The pandemic and sustainability are linked says Bernstein, who testified before Congress last year regarding how child health is impacted by climate change. “We’ve had a few shots over the bow here – SARS, MERS, COVID, Ebola. We need to hear what nature is trying to tell us, which is clear: let’s be smarter about how we do business with the biosphere and stop disrupting the climate we depend on,” says Bernstein.

Deforestation and other consequences of unsustainable human practices and making it easier for diseases to spread and air pollution and social inequality are making vulnerable groups more vulnerable.

A cultural shift in consumption can be the legacy of the lockdown

We’re using less of everything these days as we mind our shrinking savings accounts and recommendations of public health authorities. From paper coffee cups to milk to utilities, consumption is down.

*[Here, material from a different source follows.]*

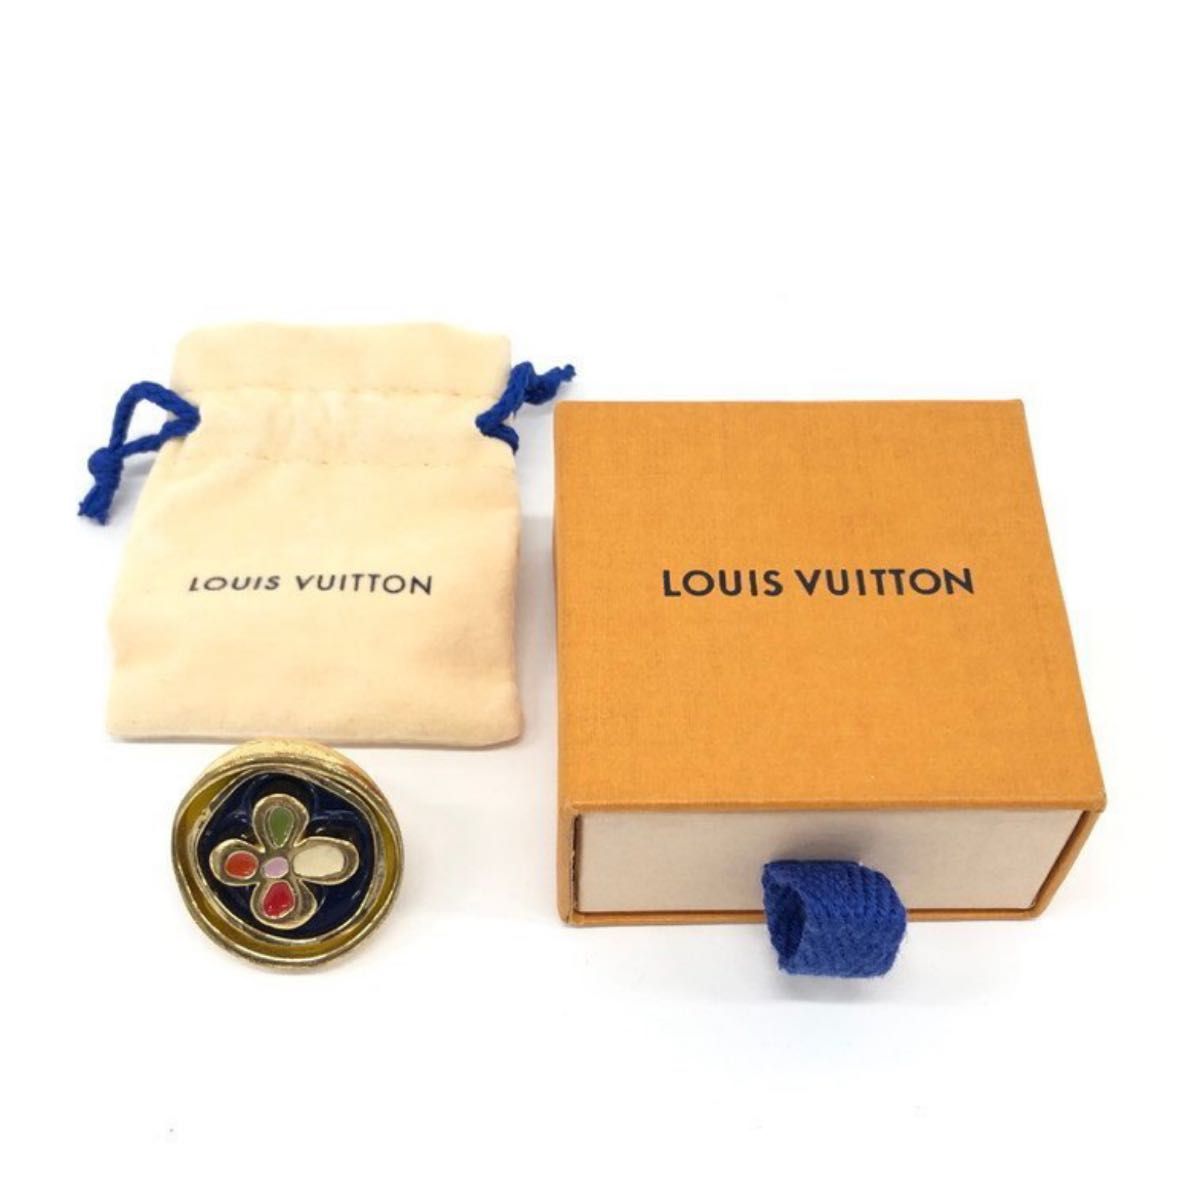 LOUIS VUITTON ルイヴィトン リング 金色 花 12号 箱付き アクセサリー ゴールドカラー

“U.S. electricity use on March 27, 2020 was 3% lower than on March 27, 2019” Peter Fox-Penner, the Director of the Institute for Sustainable Energy, and Professor of Practice at Boston University’s Questrom School of Business explains for The Conversation.

According to Fox-Penner, recessions reduce the demand for power greatly. He says the 2008 recession “reduced power demand in the United States by about 10 years’ worth of growth.”

Fox-Penner worries that the pandemic is having a harmful impact on the production of renewable energy components, like solar panels, but says in the long term people will still be looking for toward carbon-free energy when we emerge from the pandemic.

The world will be different after this pandemic. But it’s going to be better, too.